Retype the data that follows exactly. No pictures belong in the copy.

## Data shown
=== Begin Enclosure ===

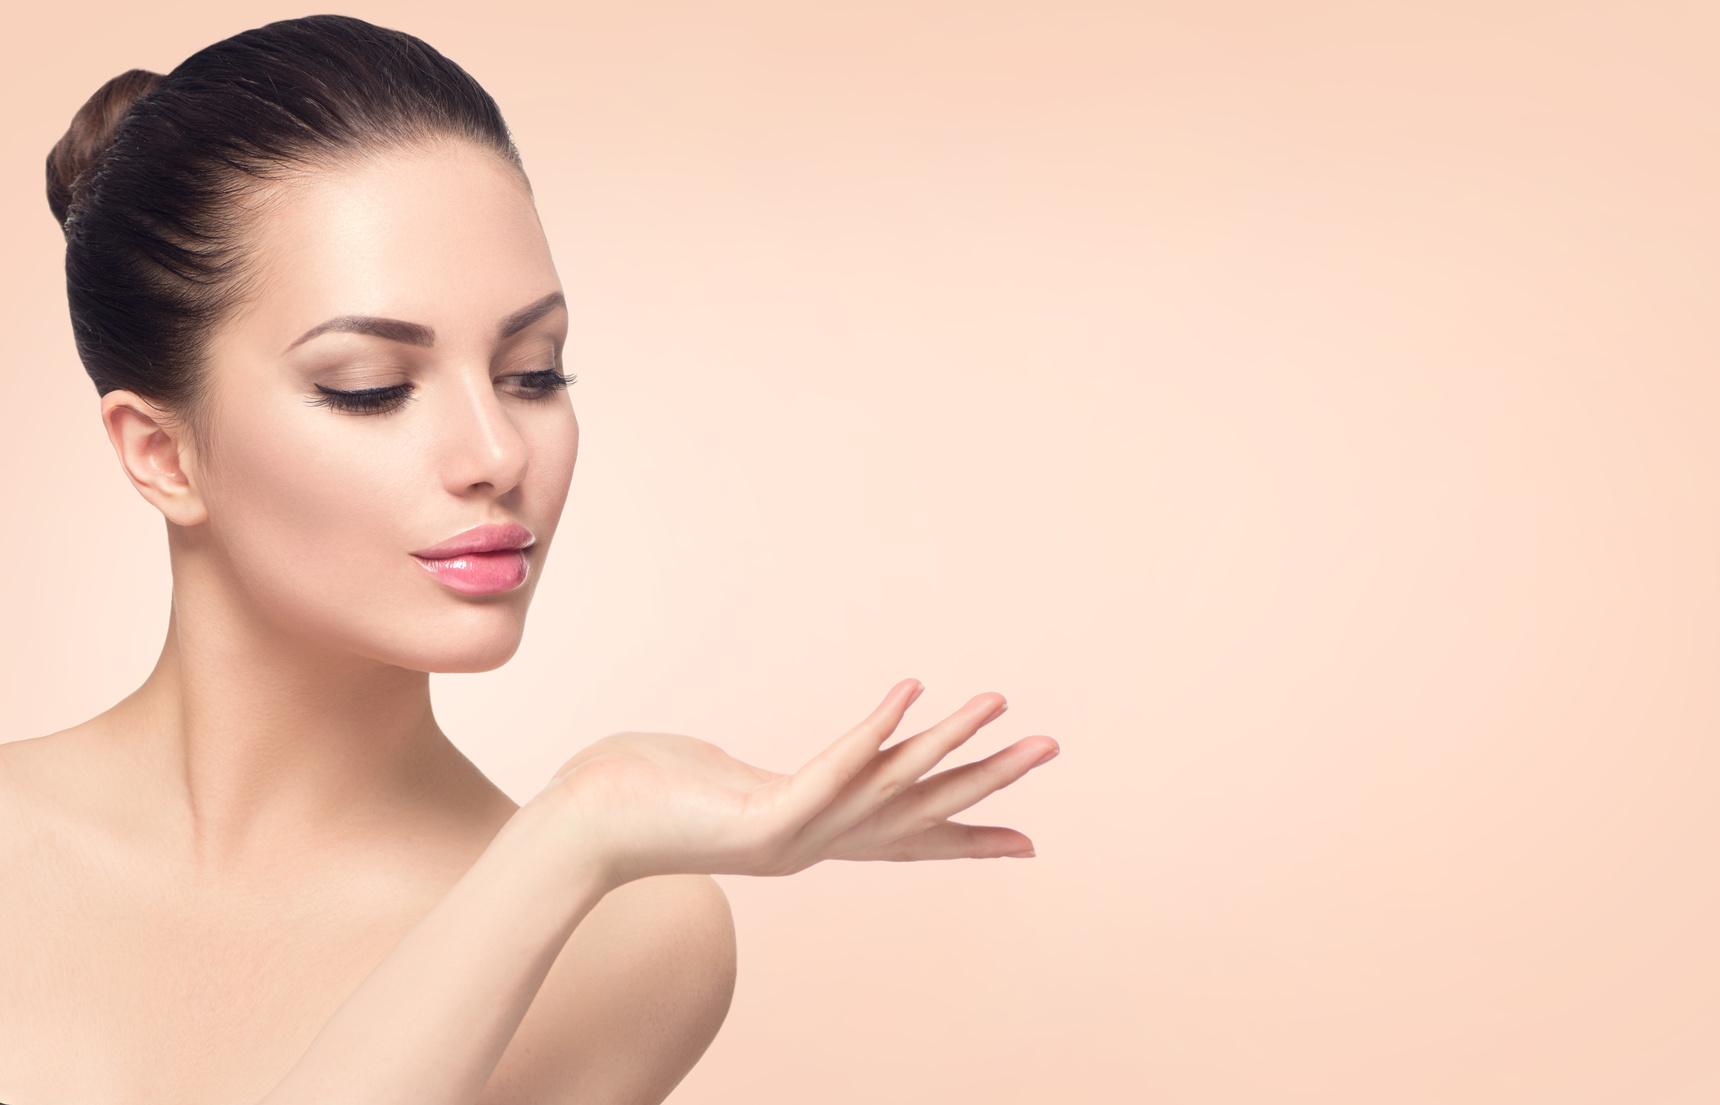 Werden Sie herrlich mit diesem erstaunlichen Schönheit , Hautpflege und Haarpflegeprodukte!
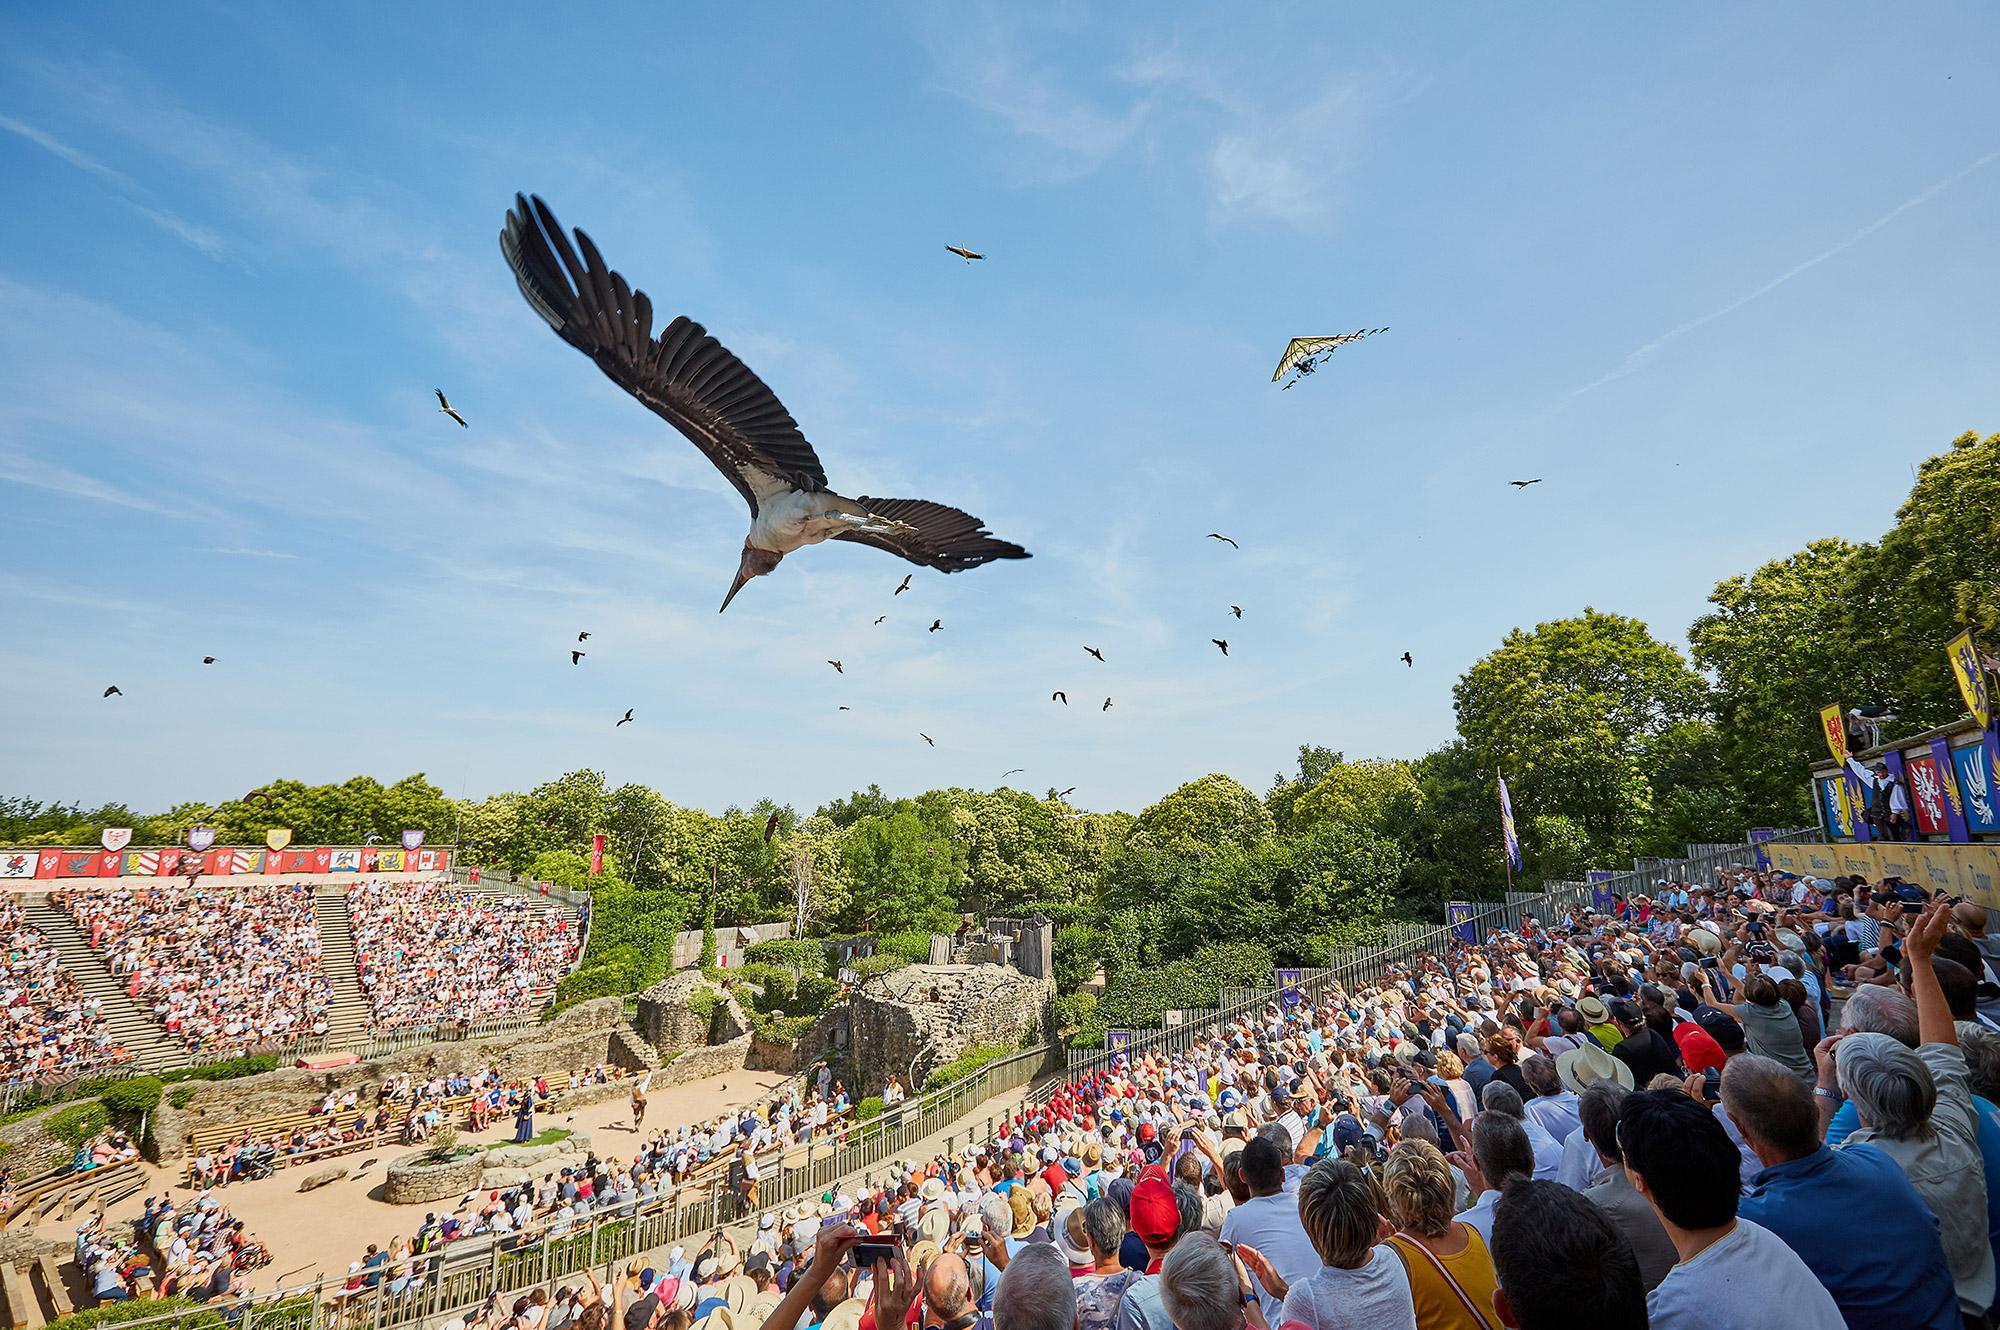 Le Bal des Oiseaux Fantômes | Spectacle Puy du Fou
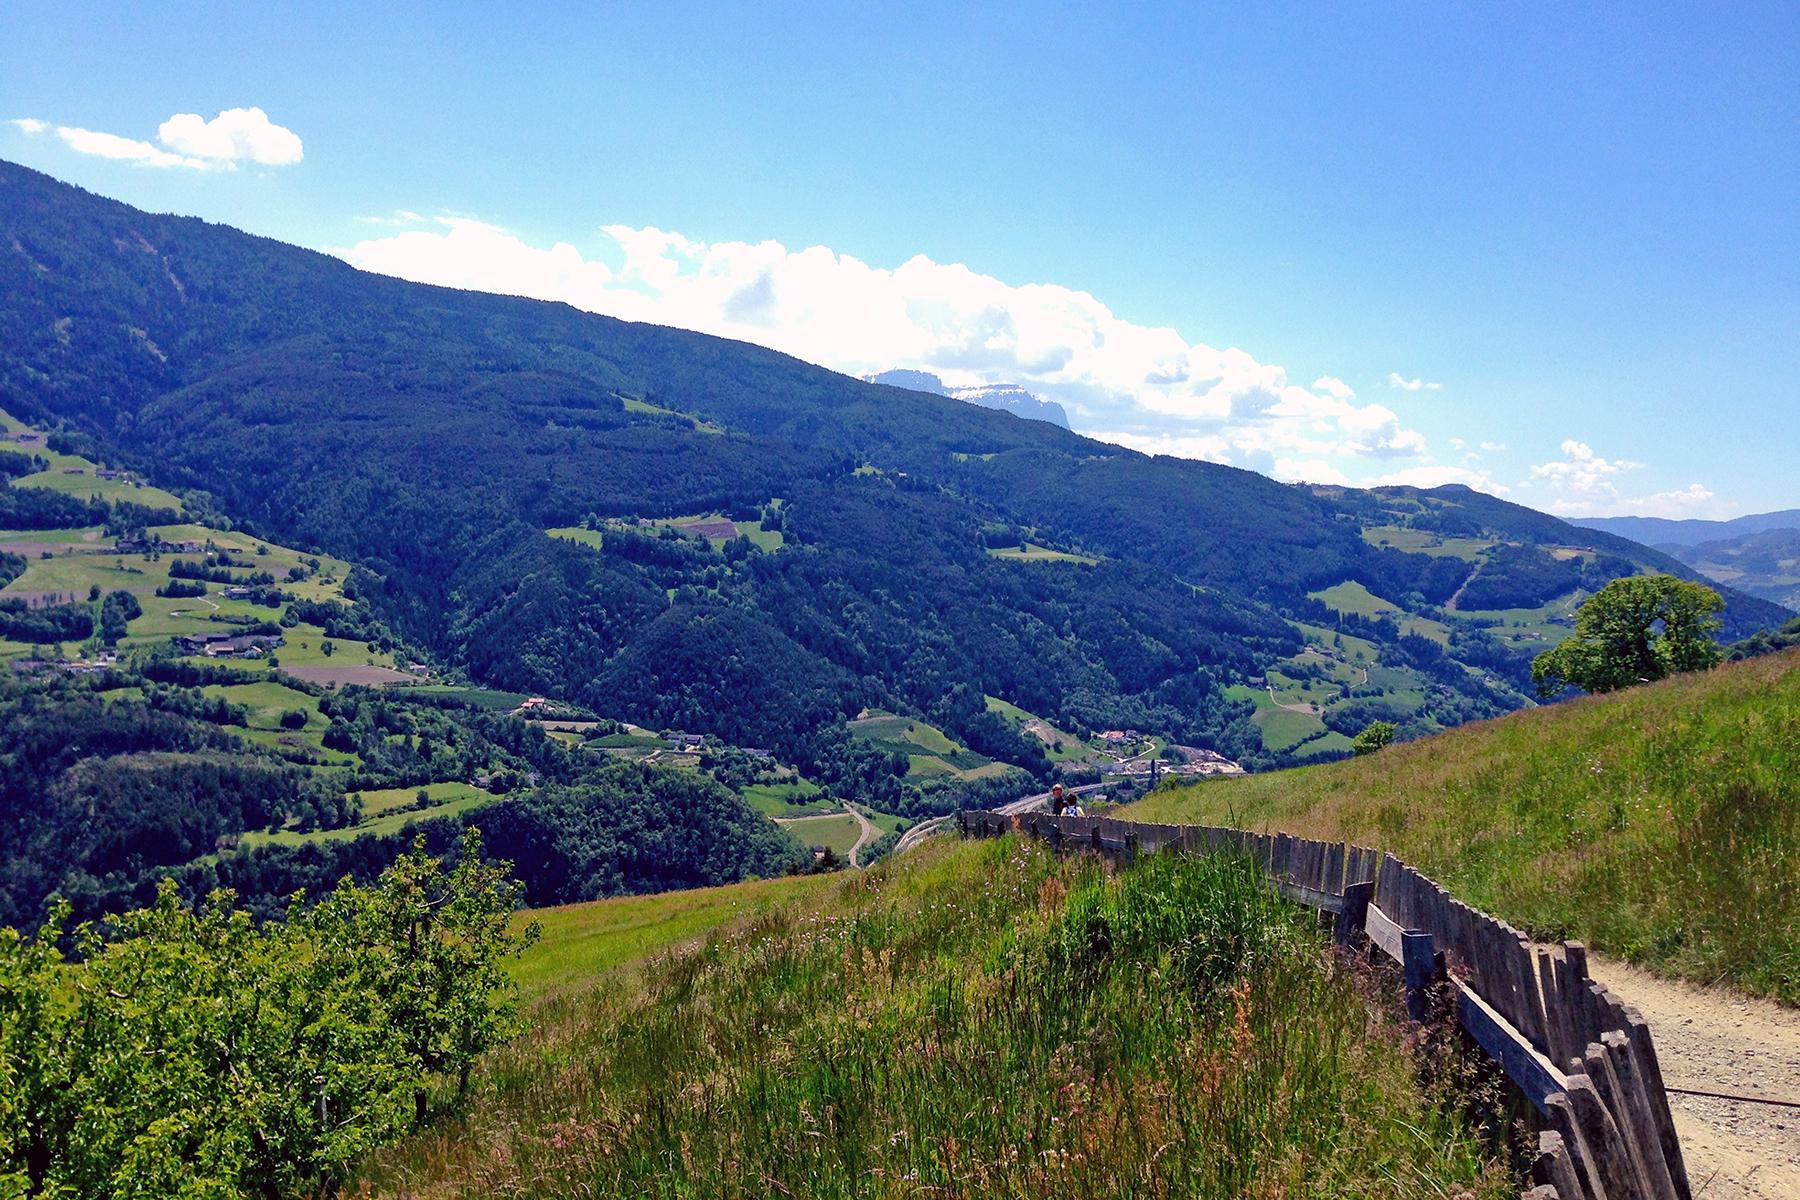 Törggelen in Südtirol: Kastanien, Kultur und Kulinarik - 5 Tipps für den Keschtnweg

=== End Enclosure ===

## Exercise response
 Werden Sie herrlich mit diesem erstaunlichen Schönheit , Hautpflege und Haarpflegeprodukte!
 Le Bal des Oiseaux Fantômes | Spectacle Puy du Fou
 Törggelen in Südtirol: Kastanien, Kultur und Kulinarik - 5 Tipps für den Keschtnweg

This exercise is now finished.